After two expectation-smashing jobs reports in June and July, the August jobs report shows a slight easing up in the momentum of this summer’s job growth.

On Friday morning, the Labor Department reported that the U.S. economy added 151,000 jobs, while the unemployment rate remained at 4.9 percent. Economists surveyed by The Wall Street Journal were expecting a modest 180,000 jobs added and a decline in the unemployment rate, to 4.8 percent. Job gains were reported in industries including food, health care, and technical services (which covers accountants, lawyers, architects, and other professionals).



One thing analysts were looking out for in the August jobs report was whether there would be significant revisions—in either direction—for June and July’s fantastic numbers. But these revisions showed little change to the original numbers: Combined, the two months added 1,000 fewer jobs than originally estimated, bringing the three-month average to a solid 232,000 jobs added per month. This revision makes July the best jobs report of 2016 so far.



A point worth celebrating in July’s jobs report was the bump in wages, as the month’s gains brought overall growth between July 2015 to July 2016 to 2.6 percent—the best pace since the recession ended. For August, average hourly earnings rose by only 3 cents, to $25.73, following an eight-cent increase in July. This slowdown brings the overall wage growth in the past 12 months to 2.4 percent. The labor-force participation rate held steady at 62.8 percent after April and May wiped out gains from earlier this year.

This summer has shown steady jobs growth—a strong rebound from a hugely disappointing jobs report in May. Economists and skeptics will likely continue to debate whether this is indicative of a long-term trend of steady growth and whether the U.S. economy is close to full employment.

Strong jobs reports tend to drum up the possibility of an interest-rate hike from the Fed, which has yet to raise interest rates this year.
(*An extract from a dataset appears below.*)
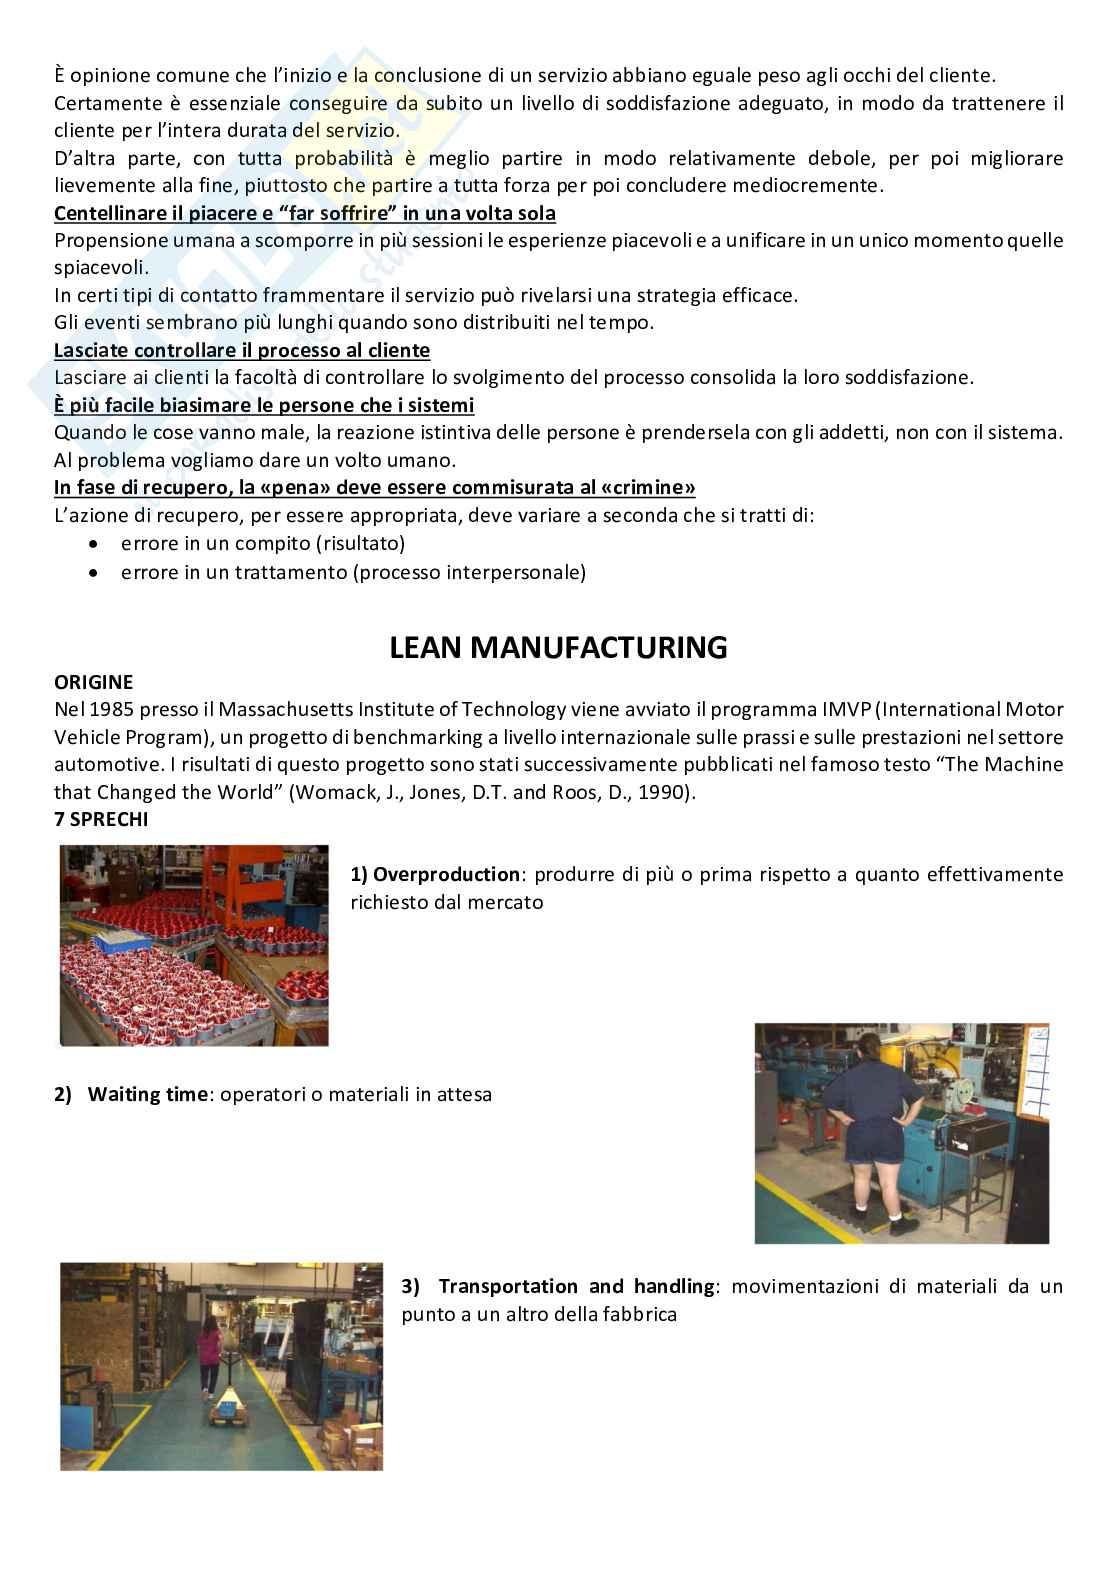 Gestione della produzione e logistica Pag. 16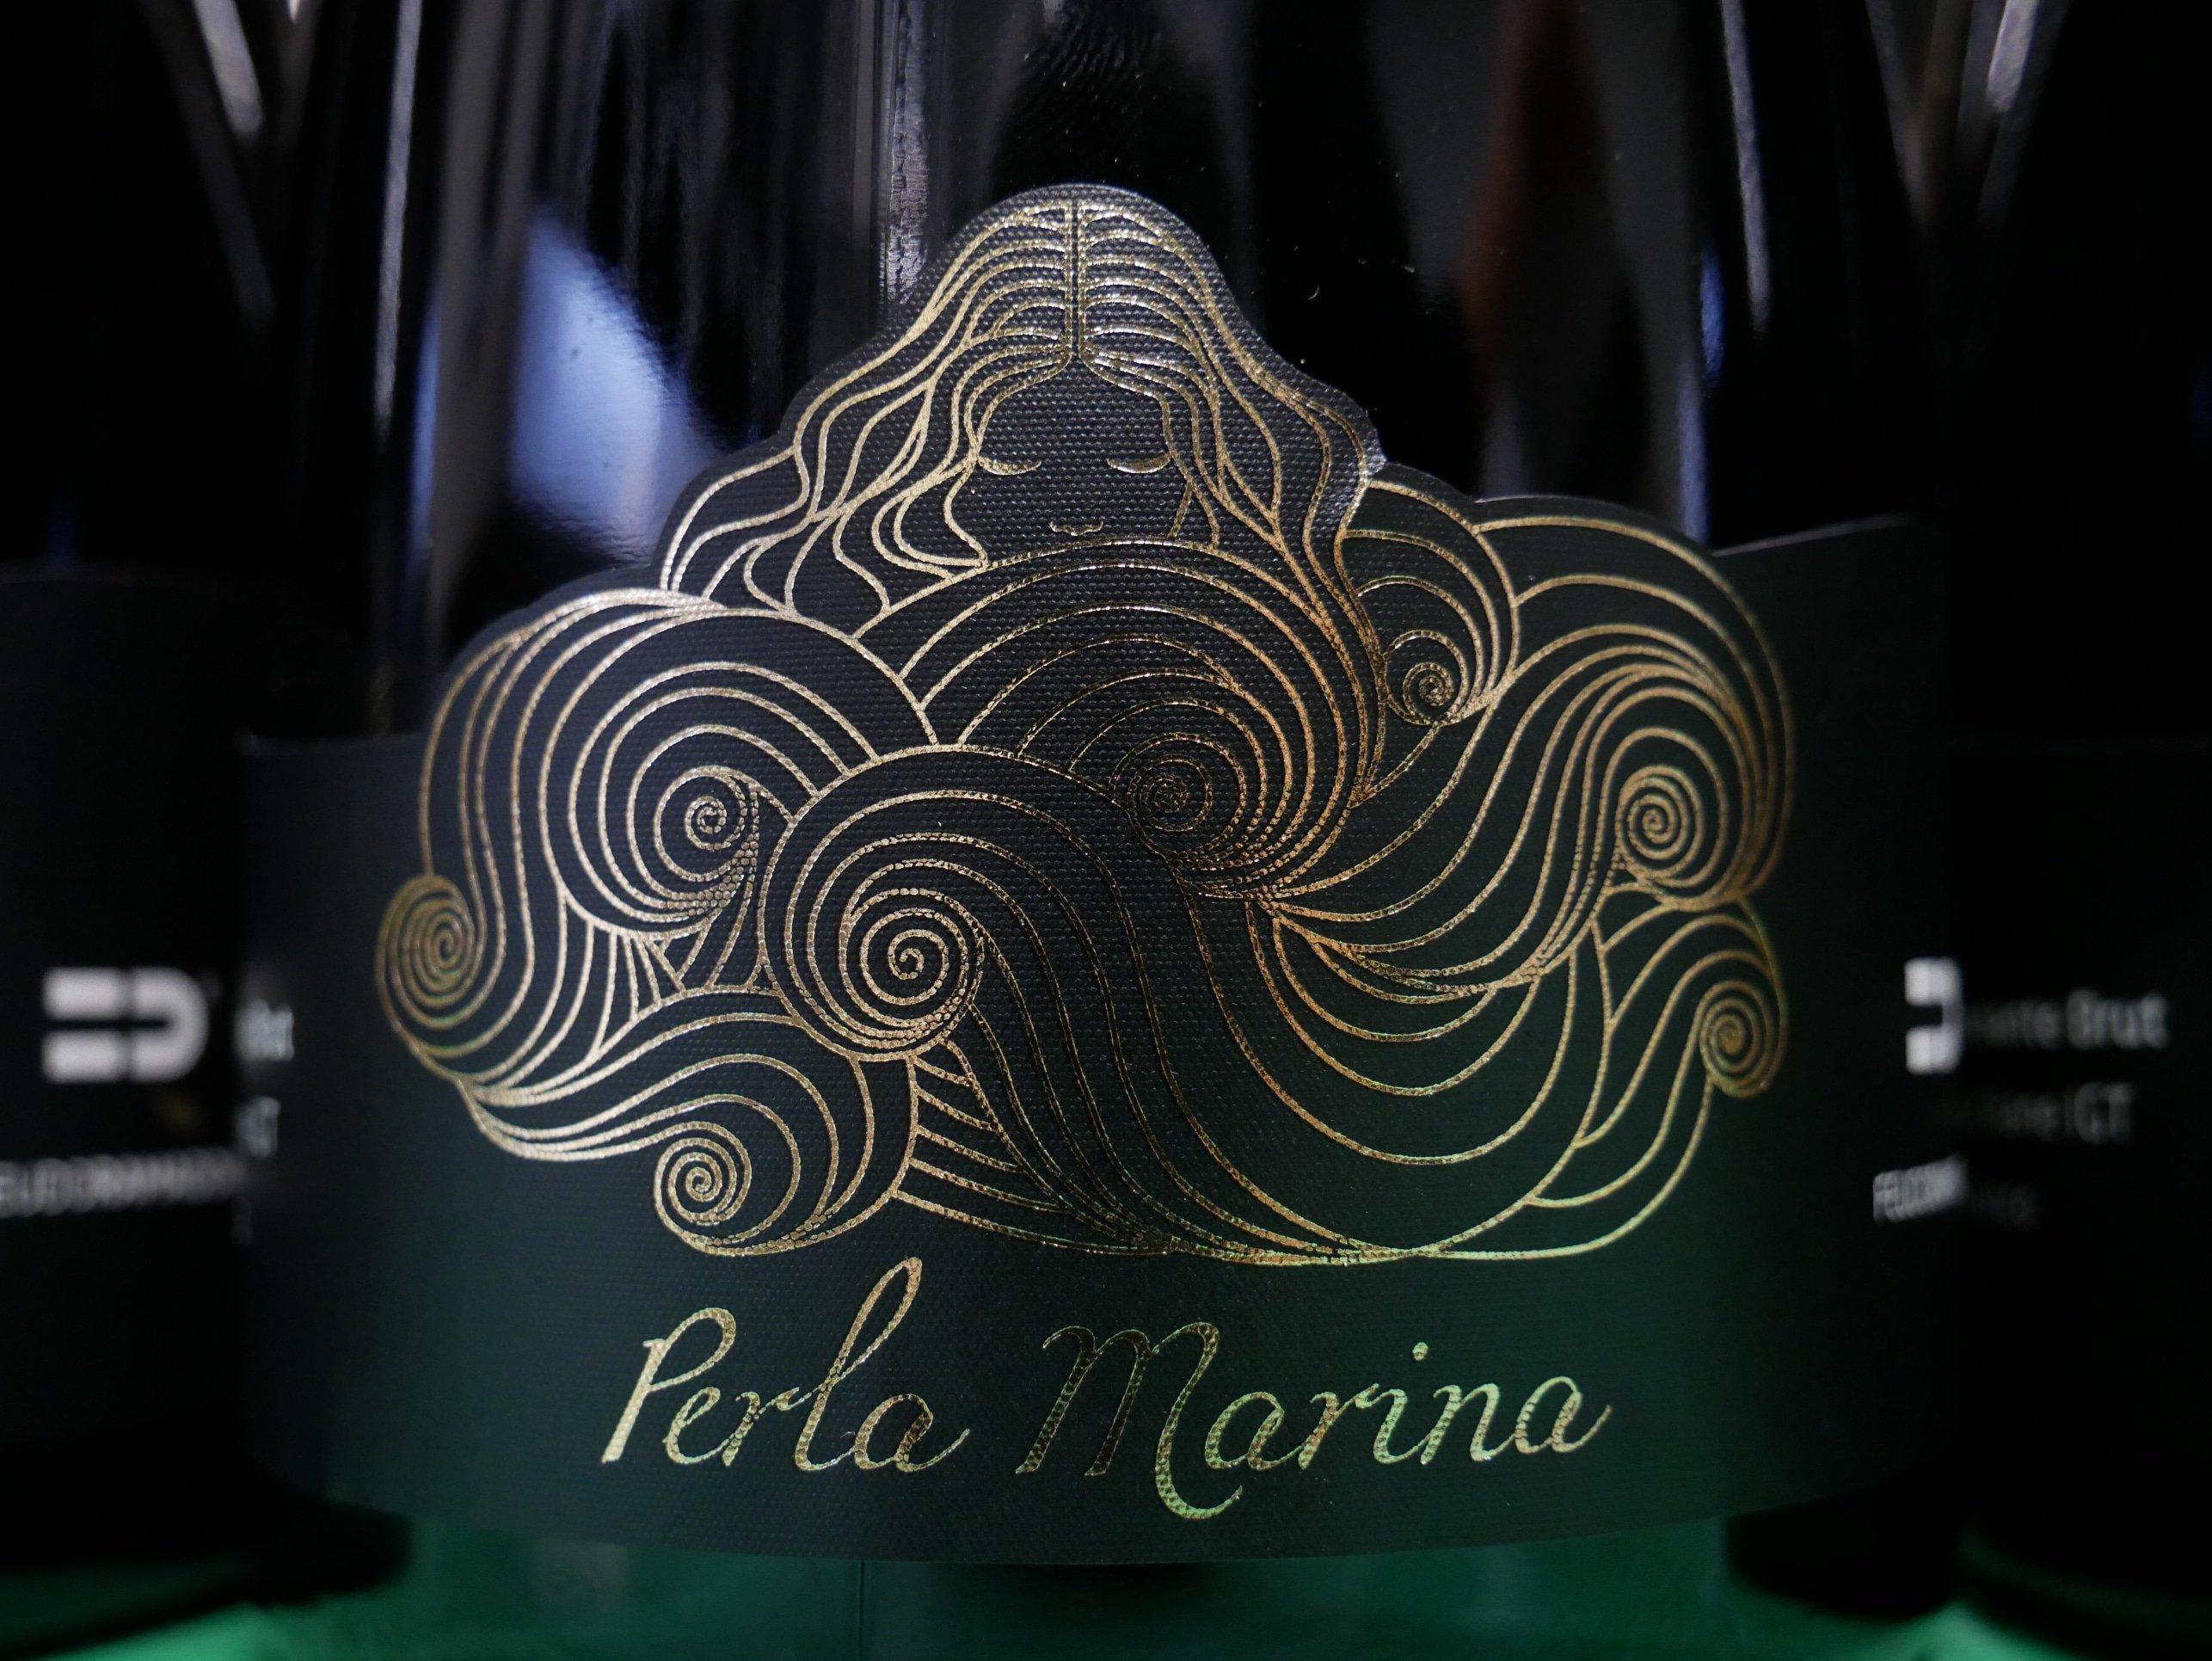 PERLA-MARINA-BOLLICINE

At the last Federal Open Market Committee meeting in July, interest rates were left unchanged in spite of positive jobs report, likely due to the lack of inflation. The jobs report is a key economic indicator, and this one will likely influence the Federal Reserve’s decision-making at its September meeting. In a speech at the Fed’s annual summer economic policy symposium in Jackson Hole, Wyoming, Fed Chairwoman Janet Yellen said that “the case for an increase in the federal funds rate has strengthened in recent months." That statement has led to speculation that the Fed is signaling a potential rate hike in September.